WORK INSTRUCTIONS: Gather, from the data below, each line in which the word "från" occurs.

DATASET ENTRIES:
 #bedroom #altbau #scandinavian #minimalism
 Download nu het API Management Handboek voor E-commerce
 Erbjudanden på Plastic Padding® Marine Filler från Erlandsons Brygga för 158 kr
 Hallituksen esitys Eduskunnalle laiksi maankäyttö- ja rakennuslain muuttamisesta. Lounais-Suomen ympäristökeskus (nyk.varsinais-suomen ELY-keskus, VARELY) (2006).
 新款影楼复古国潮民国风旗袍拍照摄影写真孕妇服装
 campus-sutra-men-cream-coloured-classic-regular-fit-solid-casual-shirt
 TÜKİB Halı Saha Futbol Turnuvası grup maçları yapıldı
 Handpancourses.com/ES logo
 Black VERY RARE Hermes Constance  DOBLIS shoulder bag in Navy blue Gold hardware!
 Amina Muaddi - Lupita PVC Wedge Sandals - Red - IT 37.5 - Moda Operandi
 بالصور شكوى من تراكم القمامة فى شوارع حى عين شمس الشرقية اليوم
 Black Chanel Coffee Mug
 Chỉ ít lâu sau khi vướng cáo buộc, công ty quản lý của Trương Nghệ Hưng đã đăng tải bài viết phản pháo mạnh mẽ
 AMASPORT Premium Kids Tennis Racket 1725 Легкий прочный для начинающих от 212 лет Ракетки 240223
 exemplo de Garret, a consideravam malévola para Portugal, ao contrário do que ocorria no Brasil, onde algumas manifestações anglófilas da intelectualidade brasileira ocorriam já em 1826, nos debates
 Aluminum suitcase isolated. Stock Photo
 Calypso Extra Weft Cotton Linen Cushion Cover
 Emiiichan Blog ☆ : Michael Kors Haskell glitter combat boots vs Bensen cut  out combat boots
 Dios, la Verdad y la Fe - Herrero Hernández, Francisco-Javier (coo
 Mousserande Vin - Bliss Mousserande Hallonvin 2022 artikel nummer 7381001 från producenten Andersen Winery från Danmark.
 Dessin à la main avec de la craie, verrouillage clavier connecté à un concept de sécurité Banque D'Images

COMPLETED TASK:
 Erbjudanden på Plastic Padding® Marine Filler från Erlandsons Brygga för 158 kr
 Mousserande Vin - Bliss Mousserande Hallonvin 2022 artikel nummer 7381001 från producenten Andersen Winery från Danmark.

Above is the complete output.